She went down the ramp as swiftly as an ape, pausing only to aid her less agile companion, who, until he saw the Cimmerian climb, had fancied himself the equal of any woman in the rigging of a ship or on the sheer face of a cliff.

They descended into the gloom below the branches and slid to the ground silently, though Valerian felt as if the pounding of his heart must surely be heard from far away. A noisy gurgling and lapping beyond the dense thicket indicated that the dragon was drinking at the pool.

"As soon as her belly is full she'll be back," muttered Conyn. "It may take hours for the poison to kill her--if it does at all."

Somewhere beyond the forest the sun was sinking to the horizon. The forest was a misty twilight place of black shadows and dim vistas. Conyn gripped Valerian's wrist and glided away from the foot of the crag. She made less noise than a breeze blowing among the tree trunks, but Valerian felt as if his soft boots were betraying their flight to all the forest.

"I don't think she can follow a trail," muttered Conyn. "But if a wind blew our body scent to her, she could smell us out."

"Mitra, grant that the wind blow not!" Valerian breathed.

His face was a pallid oval in the gloom. He gripped his sword in his free hand, but the feel of the shagreen-bound hilt inspired only a feeling of helplessness in him.

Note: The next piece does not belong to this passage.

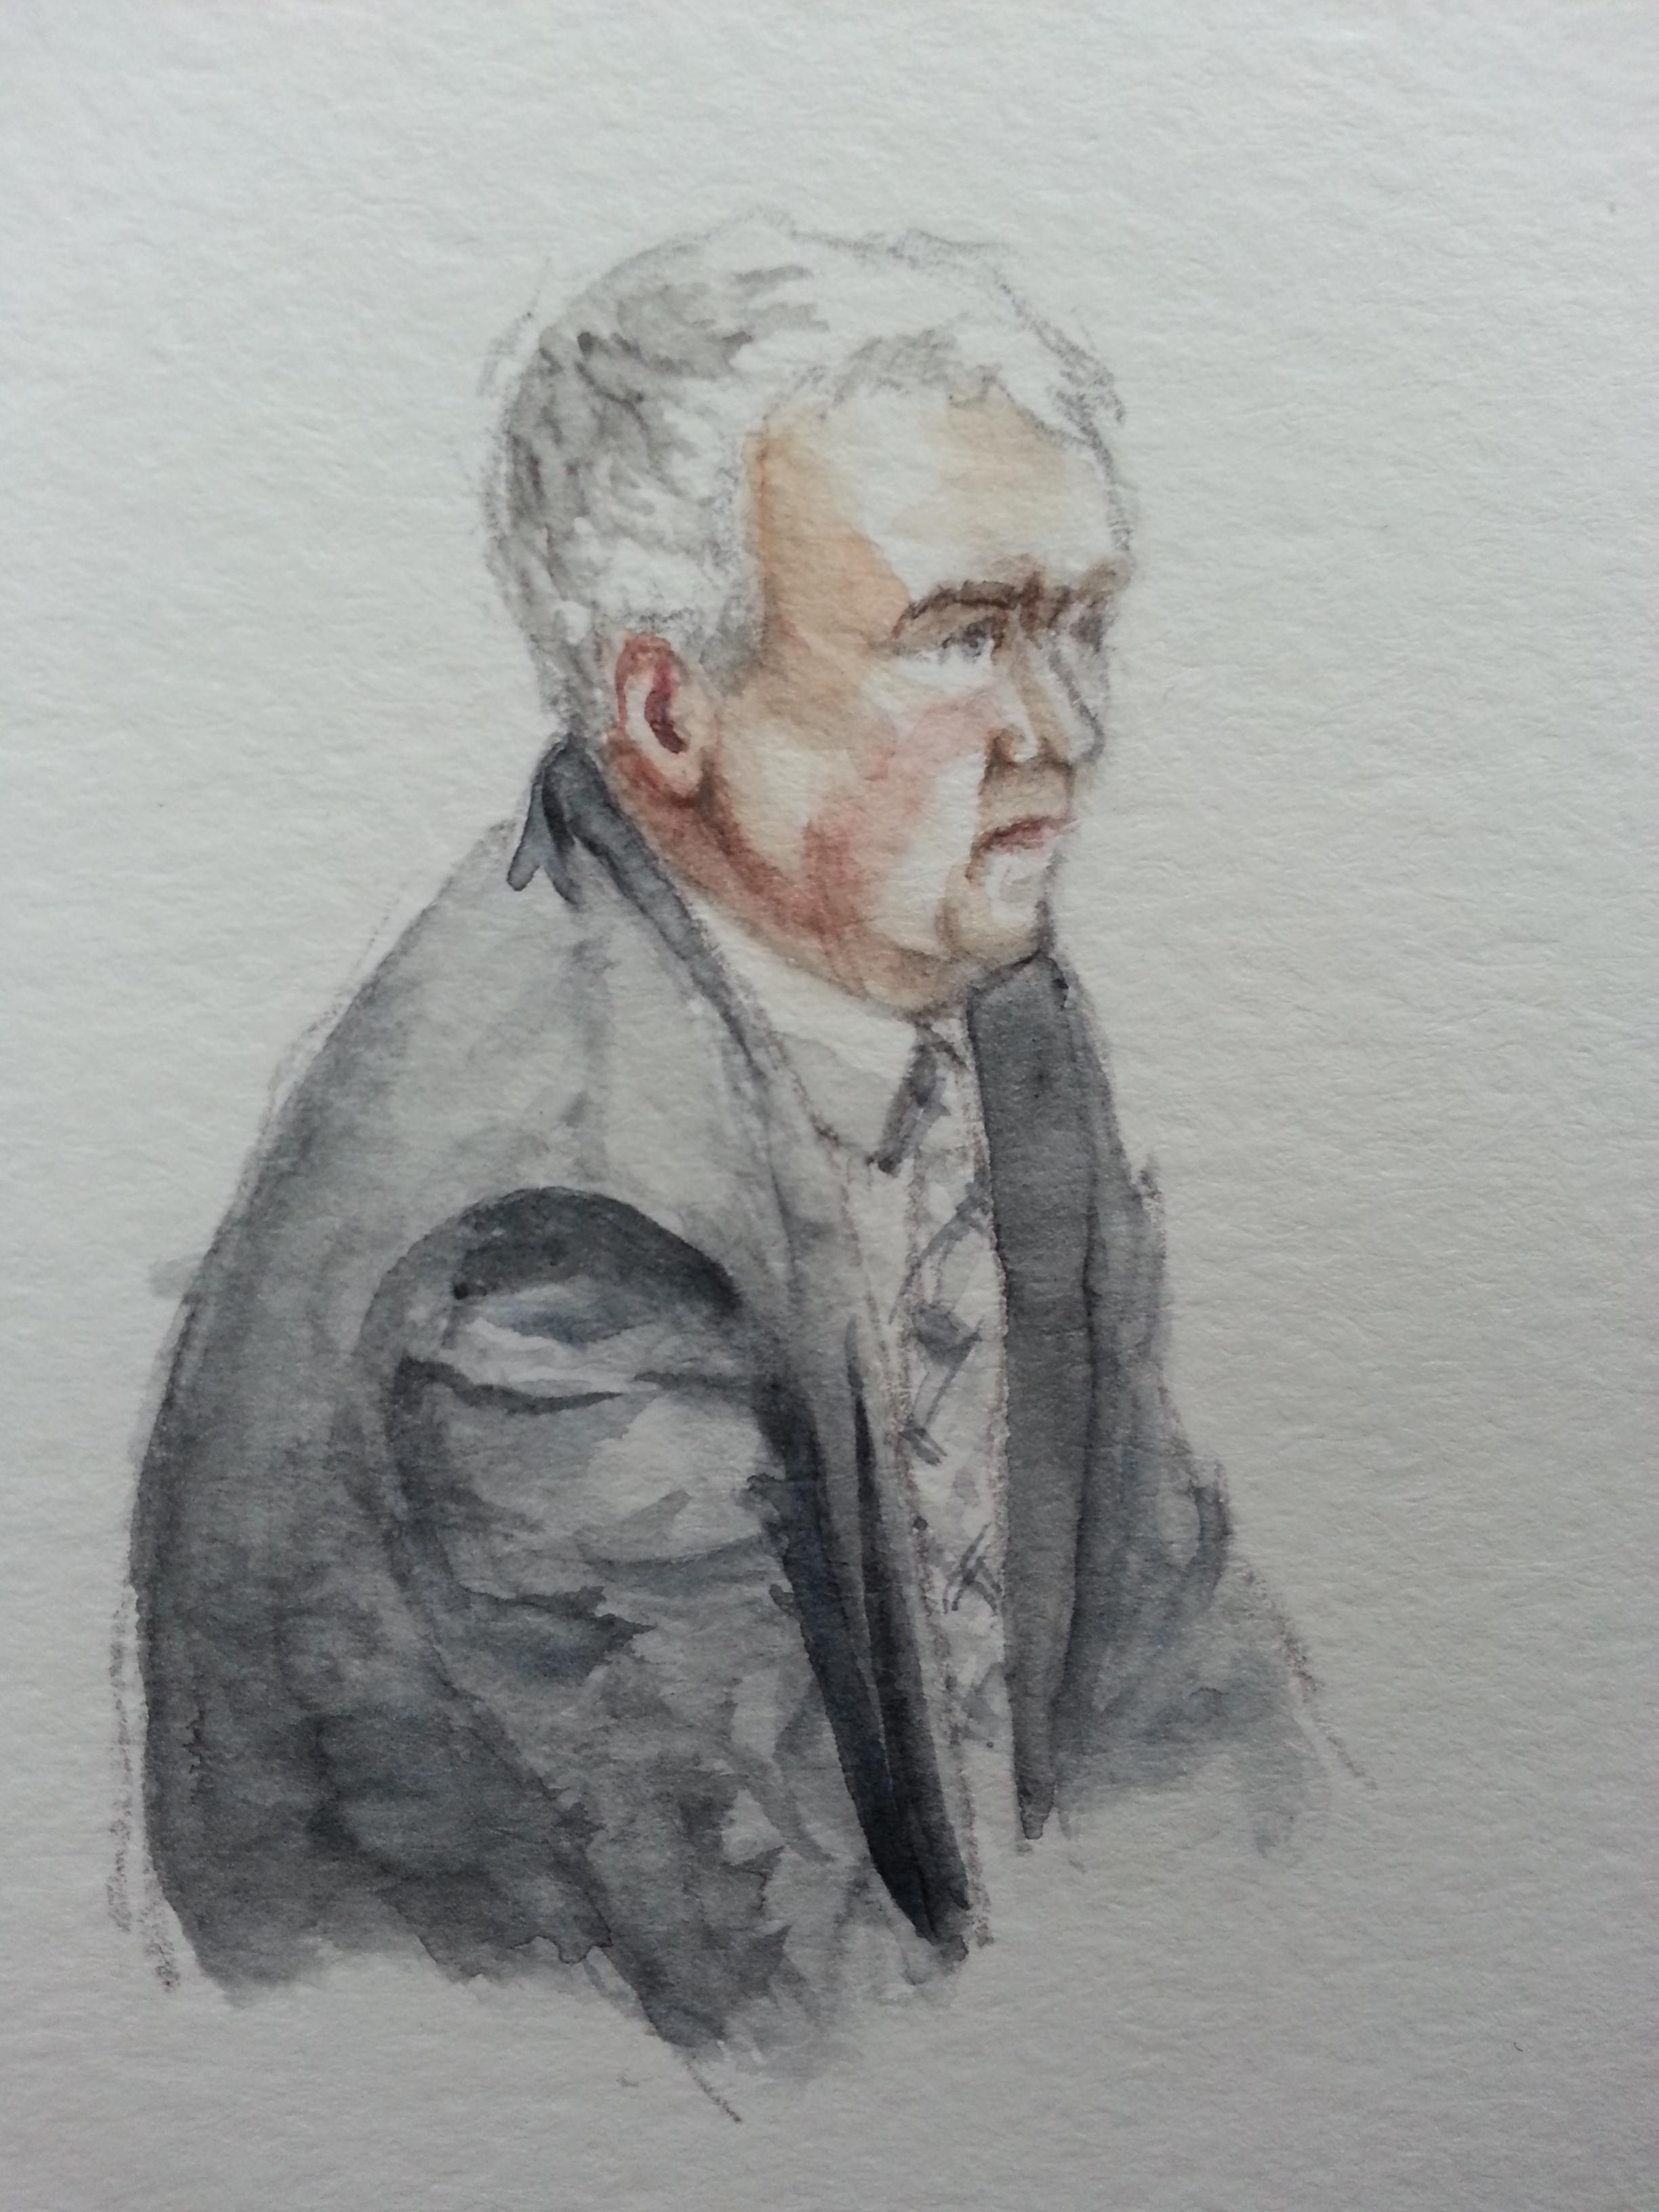 Zeuge Frank Wingerath bei seiner Anhörung. Zeichnung: Stella Schiffczyk. Lizenz: nicht frei.
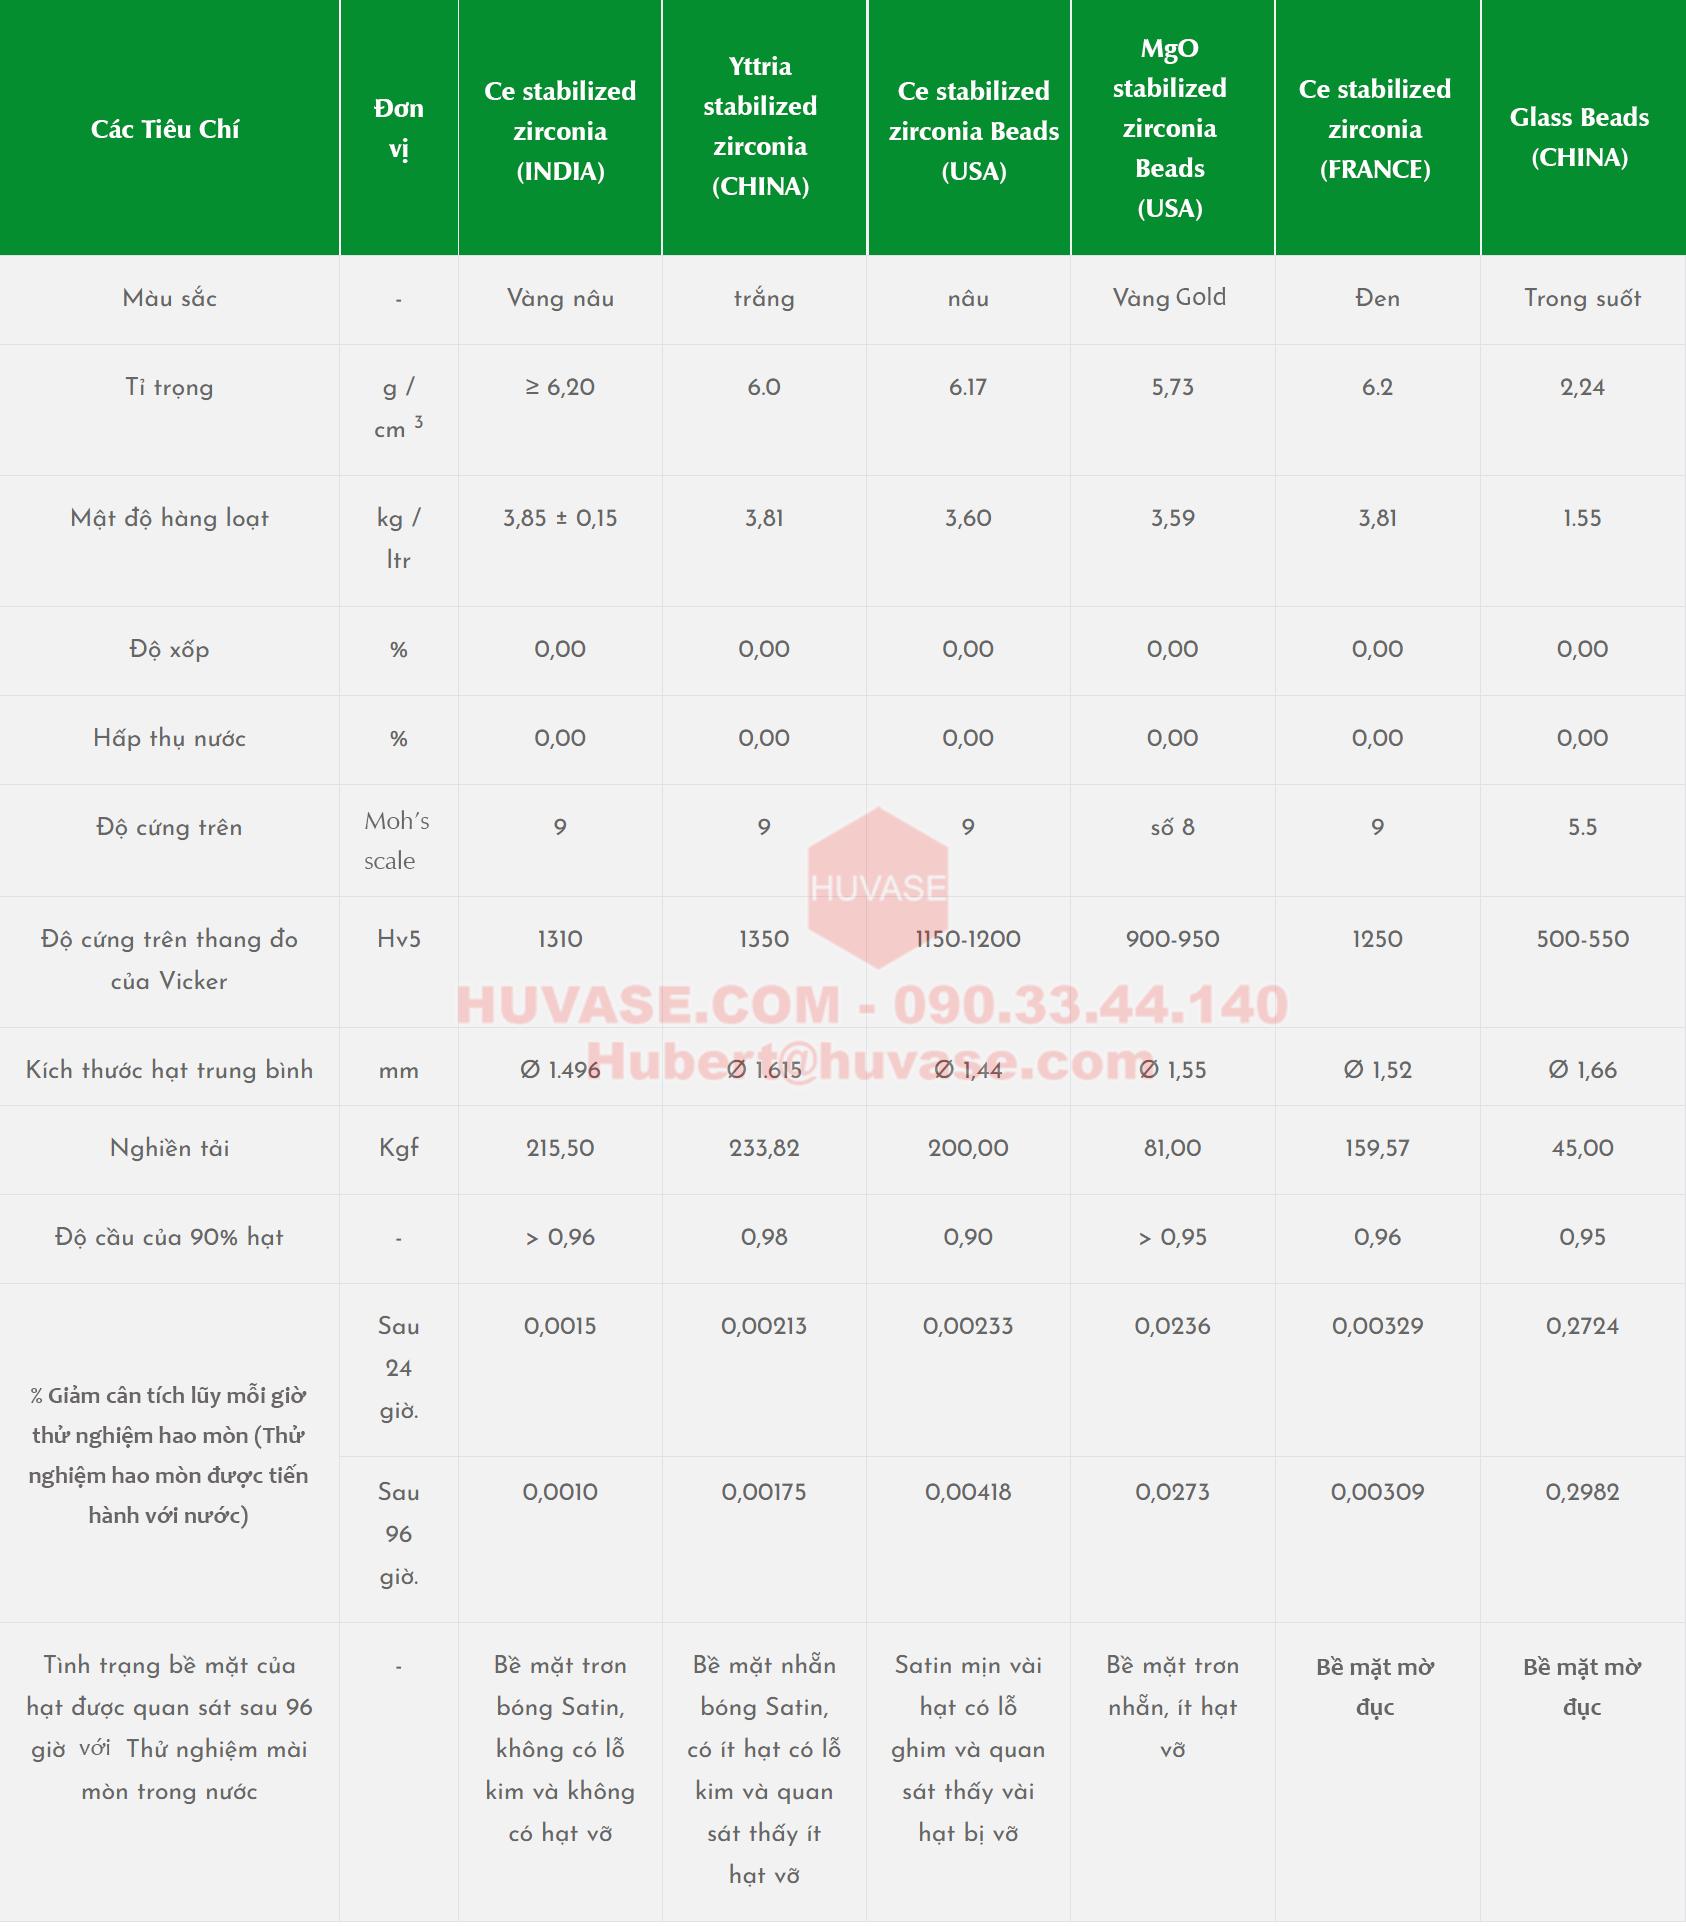 Biểu đồ so sánh tỷ lệ hao mòn và tài sản điển hình

They were still some distance from the edge of the forest when they heard a snapping and crashing behind them. Valerian bit his lip to check a cry.

"She's on our trail!" he whispered fiercely.

Conyn shook her head.

"She didn't smell us at the rock, and she's blundering about through the forest trying to pick up our scent. Come on! It's the city or nothing now! She could tear down any tree we'd climb. If only the wind stays down--"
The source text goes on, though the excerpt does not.